• [WHAT THE TASK REQUIRES] Give exactly the lines from the one with "Erfrischensie Das Aussehen" through the final line of the listing below, both included, leaving out any pictures.

• [PROVIDED MATERIAL]

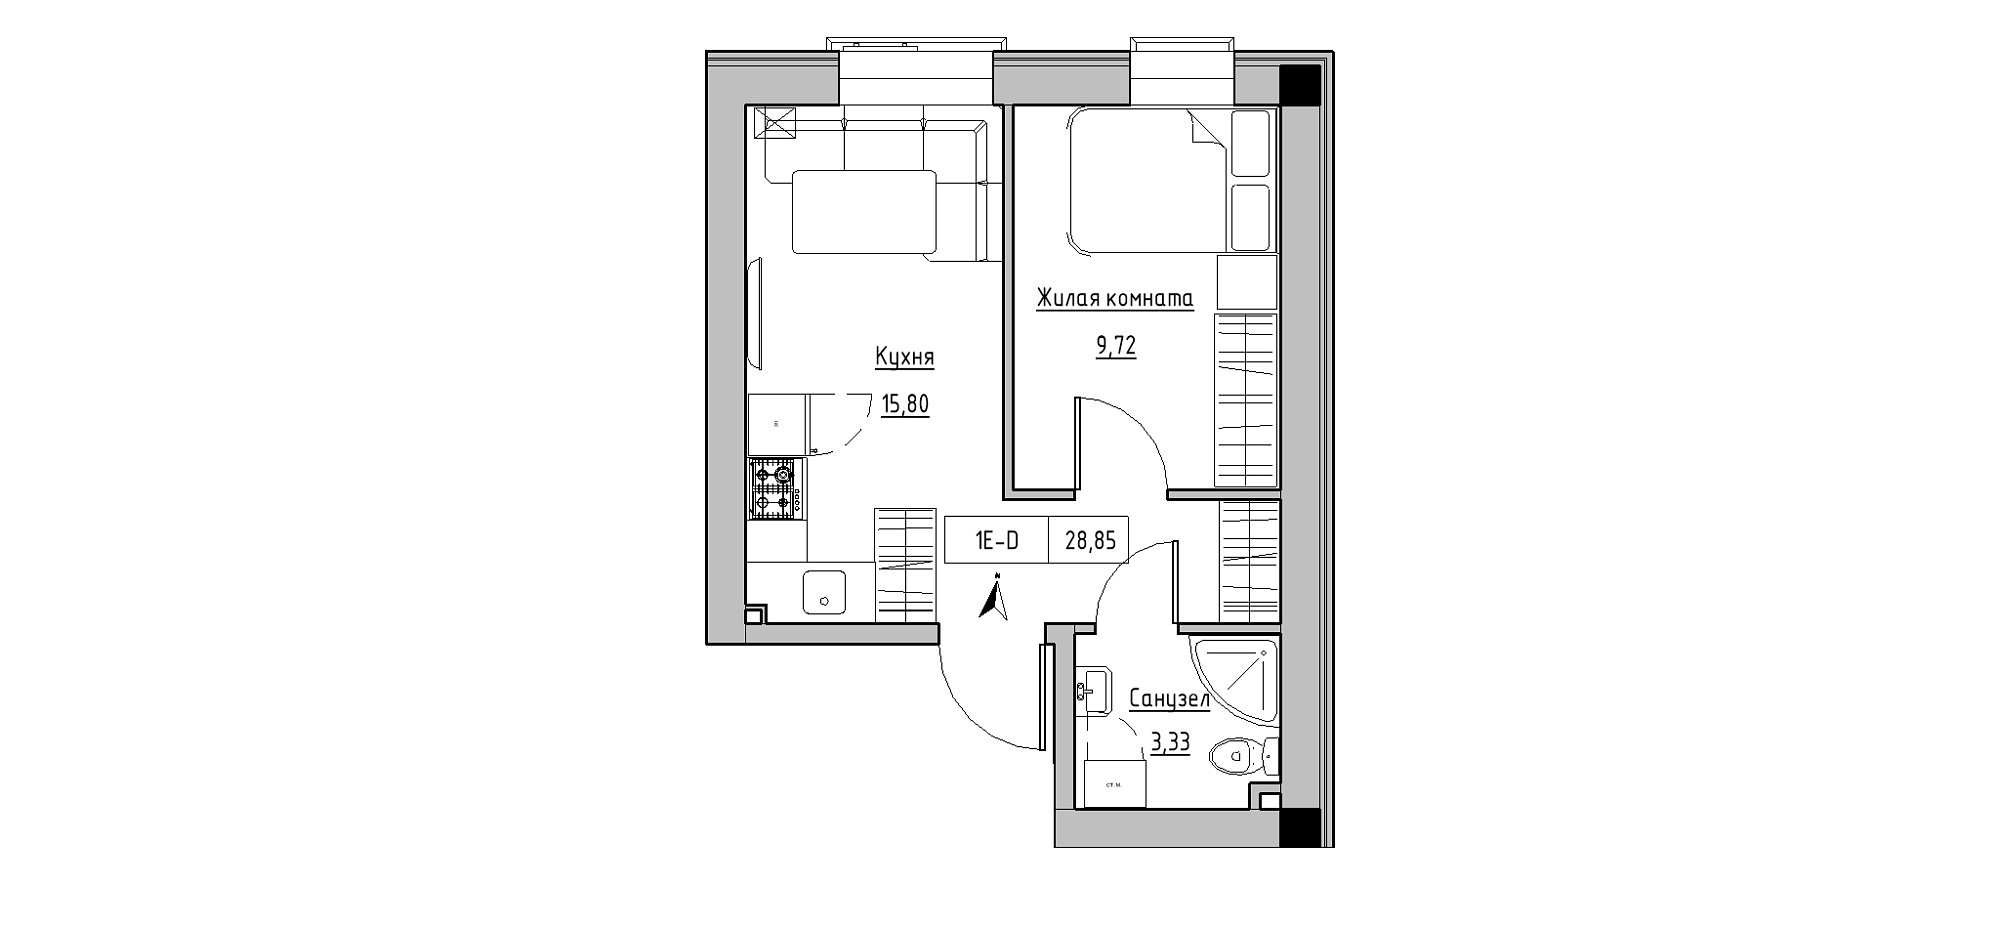 Планировка 1-к квартира площей 28.85м2, KS-020-01/0002.
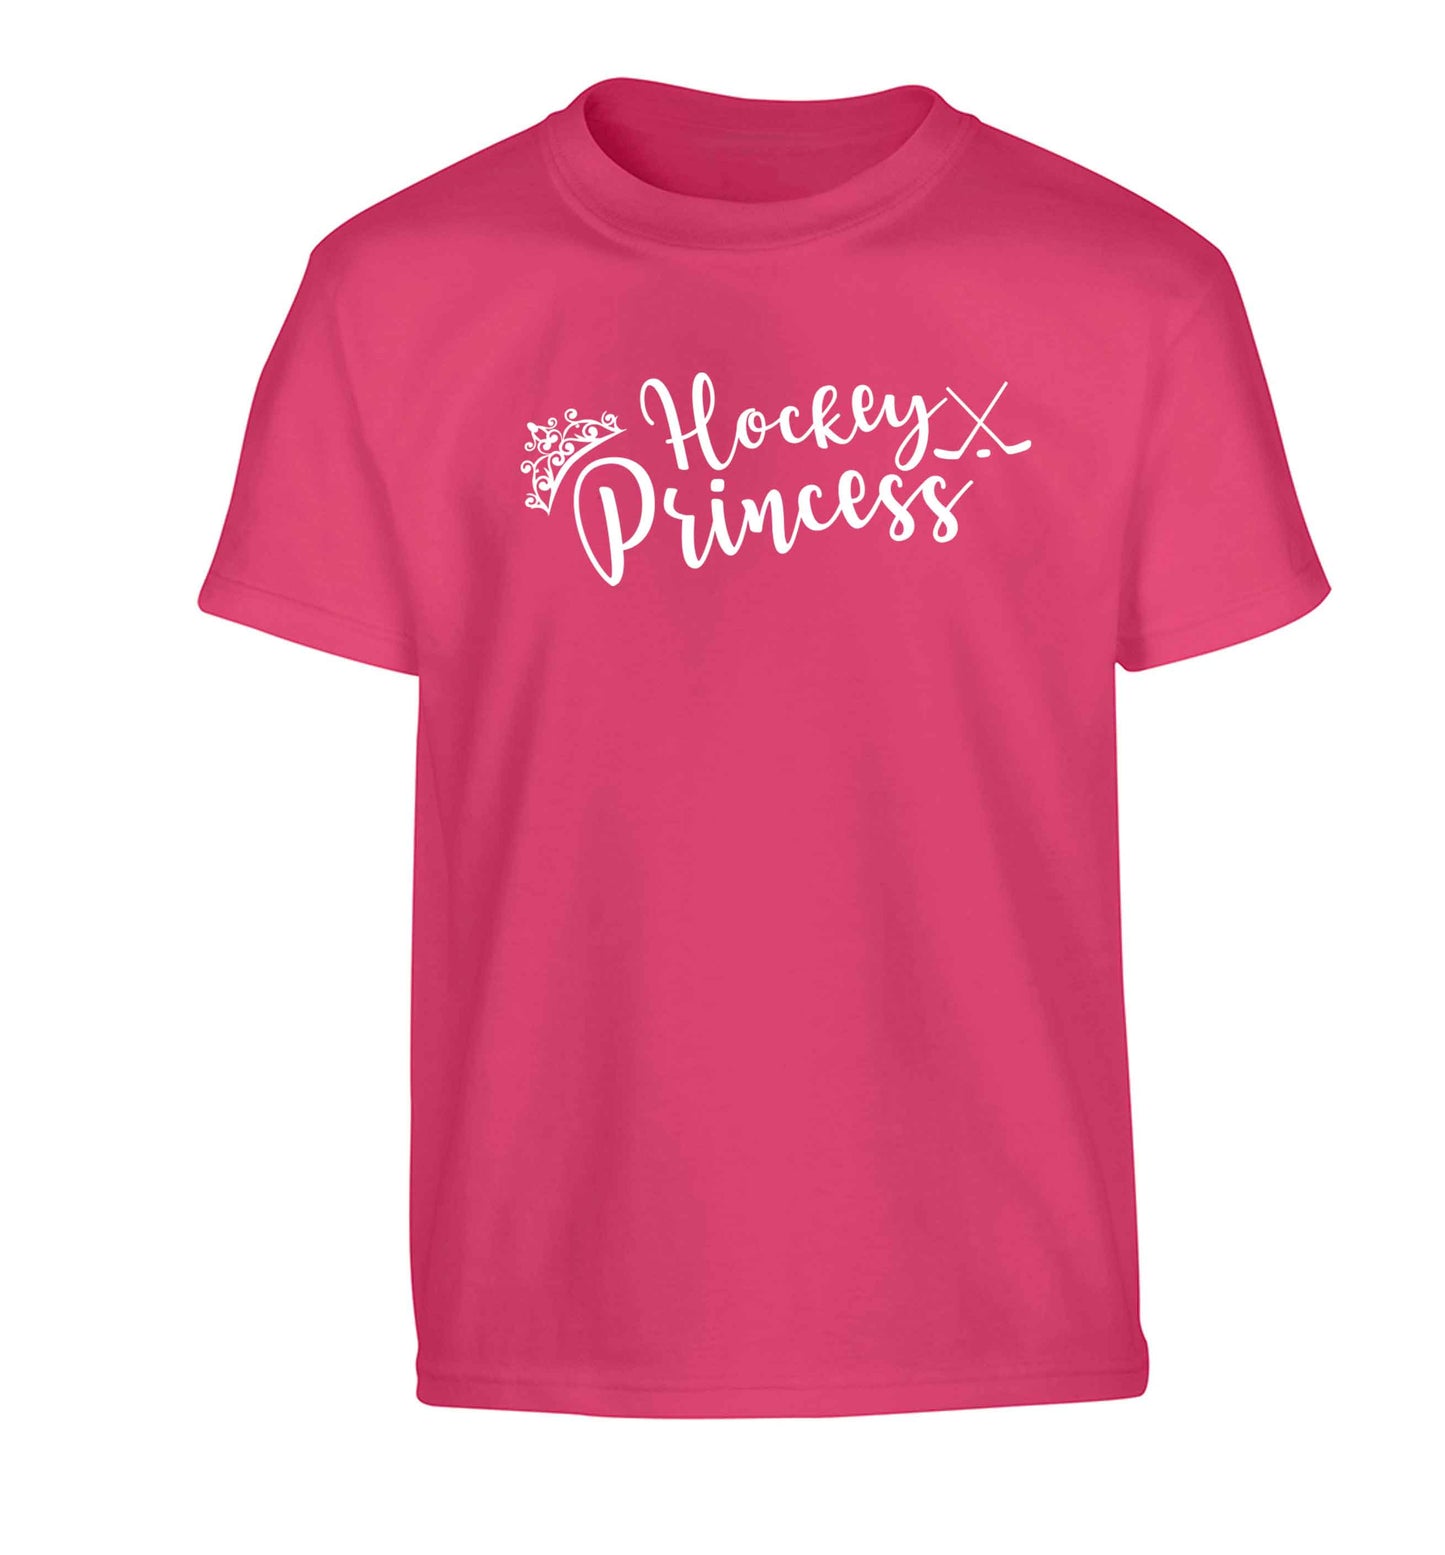 Hockey princess Children's pink Tshirt 12-13 Years
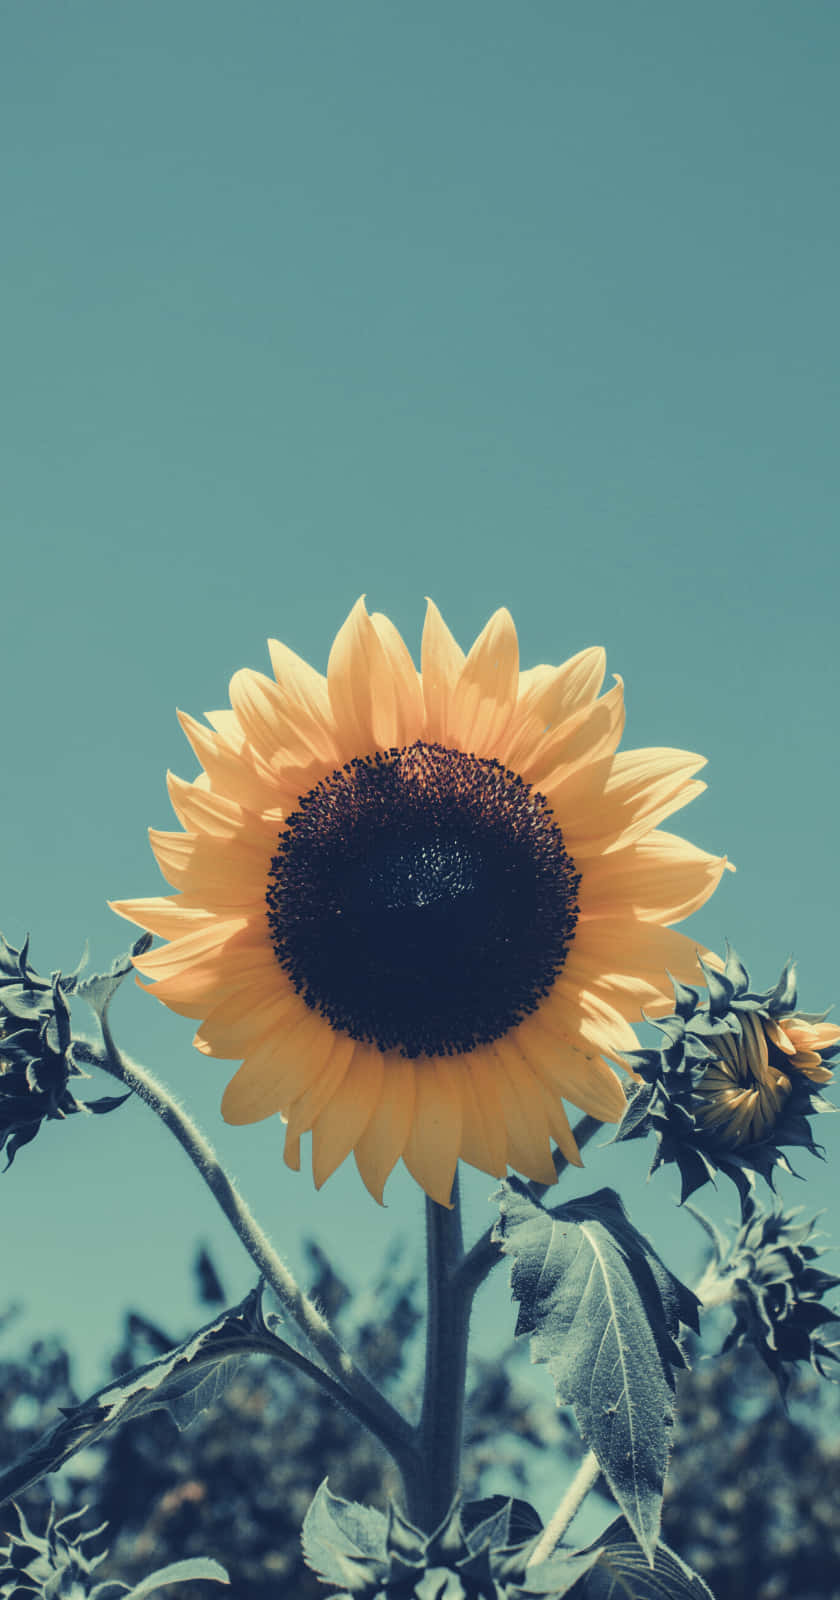 Erfrischensie Das Aussehen Ihres Telefons Mit Ästhetischen Sonnenblumenhintergründen Für Das Iphone. Wallpaper
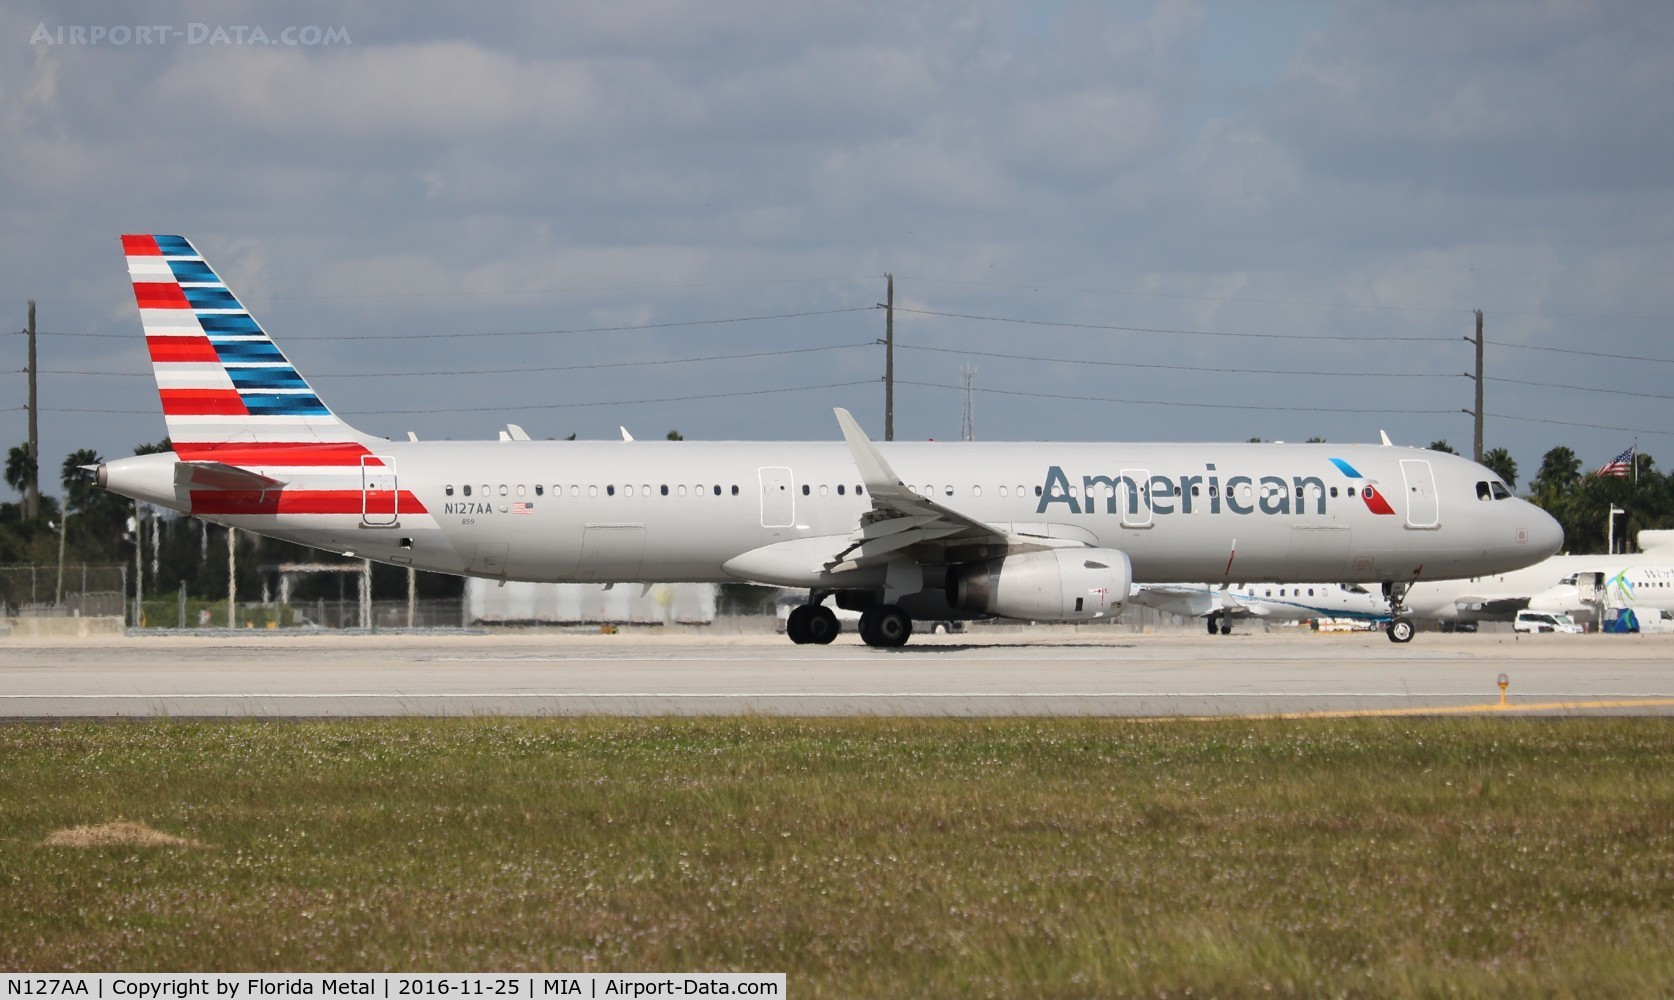 N127AA, 2014 Airbus A321-231 C/N 6334, American

• [WRITTEN SOLUTION]
 Erfrischensie Das Aussehen Ihres Telefons Mit Ästhetischen Sonnenblumenhintergründen Für Das Iphone. Wallpaper
 N127AA, 2014 Airbus A321-231 C/N 6334, American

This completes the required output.